S := 12 ; number of statements
Output := ""
Loop, % 2**S {
;;If !Mod(A_Index,100) ;; optional 'if' to show the loop progress
;; ToolTip, Index: %A_Index%
SetFlags(A_Index-1), Current := "", Count := 0
Loop, %S%
R := TestStatement(A_Index), Current .= R, Count += (R == F[%A_Index%])
If ( Count >= S-1 )
Output .= "`n[" Count "] -> " Current
}
ToolTip
MsgBox, % SubStr(Output,2)
Return
;-------------------------------------------------------------------------------------
SetFlags(D) {
Global
Local I
Loop, %S%
I := S-A_Index+1 , F[%I%] := (D >> (S-A_Index)) & 1
}
;-------------------------------------------------------------------------------------
TestStatement(N) {
Global
Local I, C := 0
If ( N == 1 ) ; This is a numbered list of twelve statements.
Return ( S == 12 ) ; should always be true
If ( N == 2 ) { ; Exactly 3 of the last 6 statements are true.
Loop, 6
I := S-A_Index+1 , C += F[%I%]
Return ( C == 3 )
}
If ( N == 3 ) { ; Exactly 2 of the even-numbered statements are true.
Loop, %S%
C += ( !Mod(A_Index,2) & F[%A_Index%] )
Return ( C == 2 )
}
If ( N == 4 ) ; If statement 5 is true, then statements 6 and 7 are both true.
Return ( F[5] ? F[6] & F[7] : 1 )
If ( N == 5 ) { ; The 3 preceding statements are all false.
Loop, 3
I := N-A_Index , C += F[%I%]
Return ( C == 0 )
}
If ( N == 6 ) { ; Exactly 4 of the odd-numbered statements are true.
Loop, %S%
C += ( !!Mod(A_Index,2) & F[%A_Index%] )
Return ( C == 4 )
}
If ( N == 7 ) ; Either statement 2 or 3 is true, but not both.
Return ( F[2] ^ F[3] )
If ( N == 8 ) ; If statement 7 is true, then 5 and 6 are both true.

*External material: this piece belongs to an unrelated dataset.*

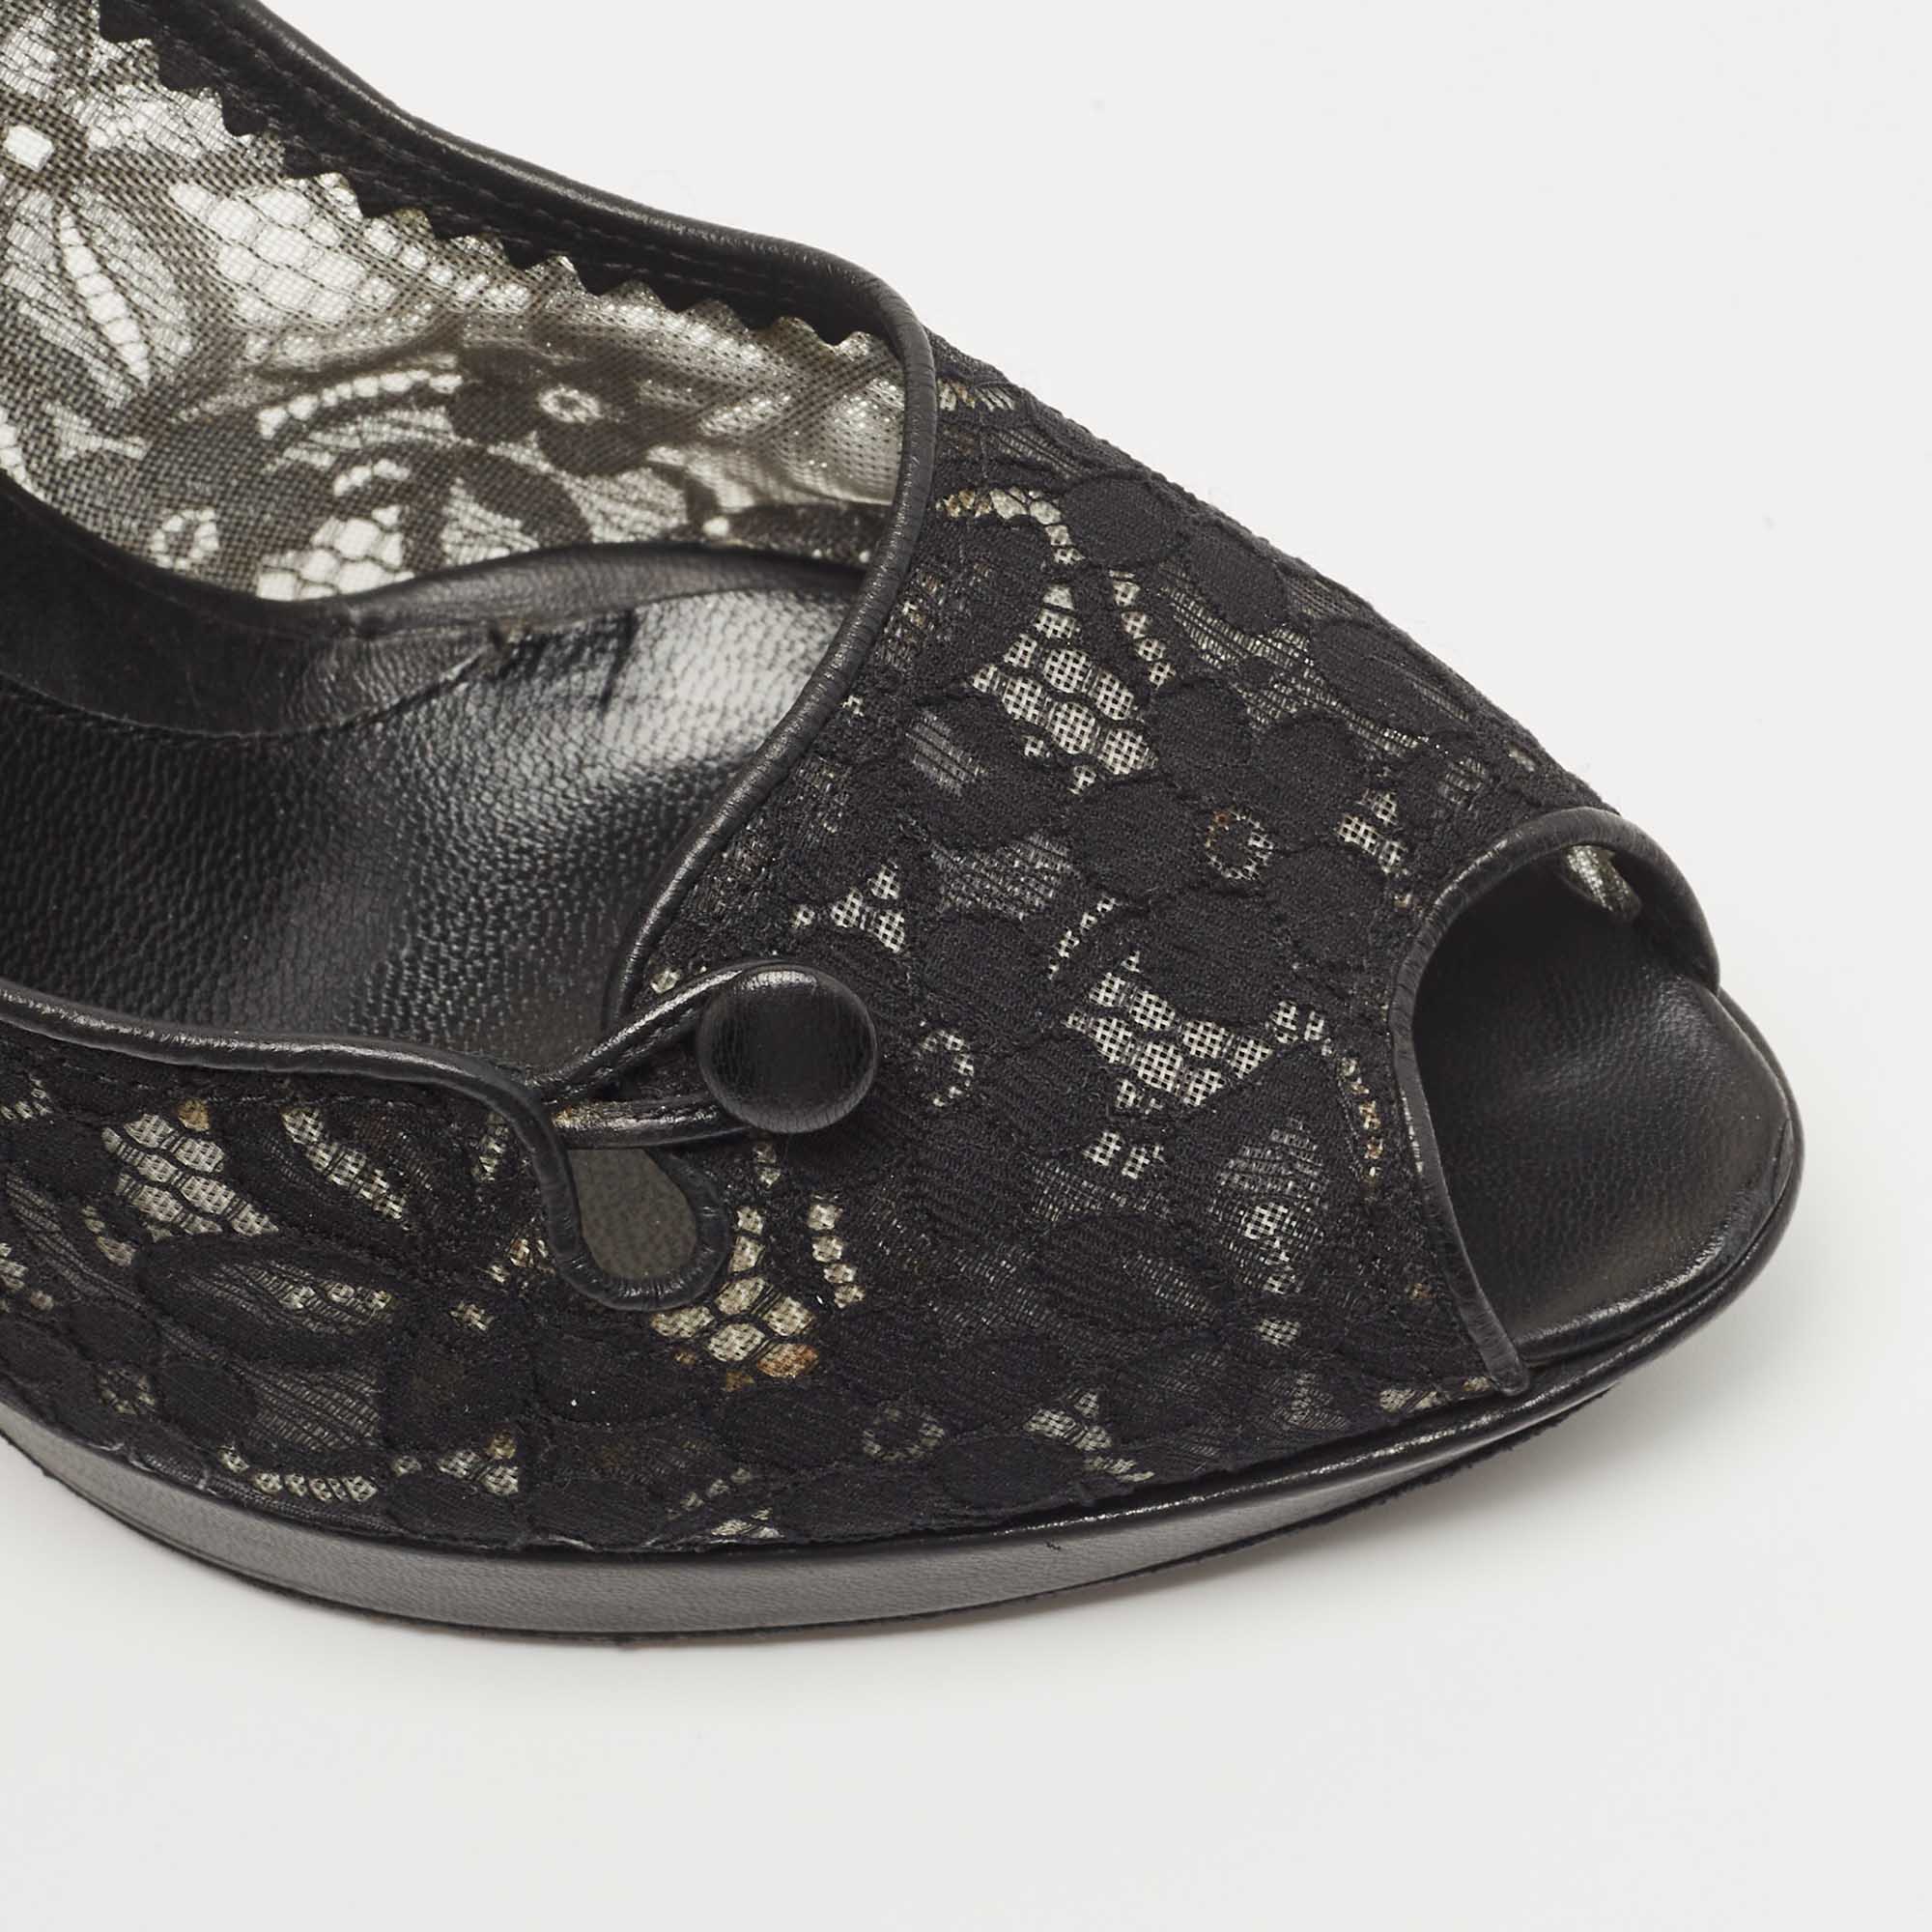 Fendi Black Lace And Leather Button Detail Peep Toe Pumps Size 40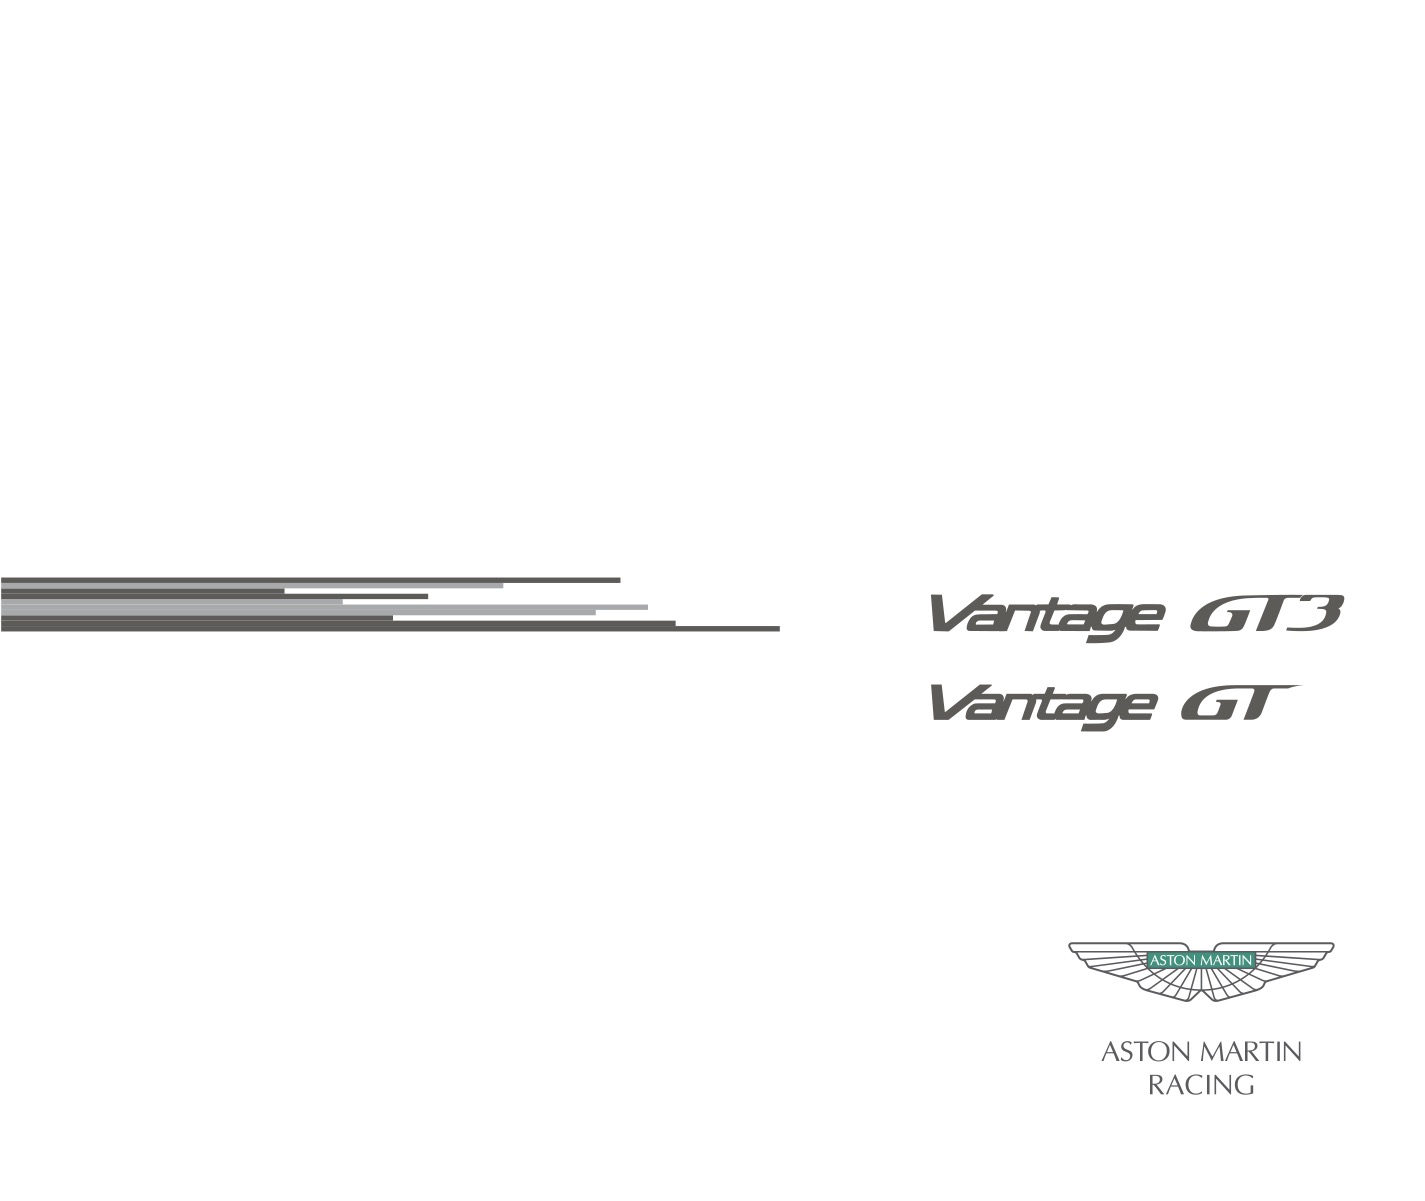 Aston Martin Vantage GT3 Brochure

Return ( F[7] ? F[5] & F[6] : 1 )
If ( N == 9 ) { ; Exactly 3 of the first 6 statements are true.
Loop, 6
C += F[%A_Index%]
Return ( C == 3 )
}
If ( N == 10 ) ; The next two statements are both true.
Return ( F[11] & F[12] )
If ( N == 11 ) ; Exactly 1 of statements 7, 8 and 9 are true
Return ( F[7]+F[8]+F[9] == 1 )
If ( N == 12 ) { ; Exactly 4 of the preceding statements are true
Loop, % N-1
C += F[%A_Index%]
Return ( C == 4 )
}
}
If the proposed flags match the results after validating each statement, we have the solution.
I show all cases where we have at least S-1 matches (being S := 12 statements).
Bonus:
Also, the puzzle can be easily modified without much additional coding.
And it works for AHK 1.0 as well! haha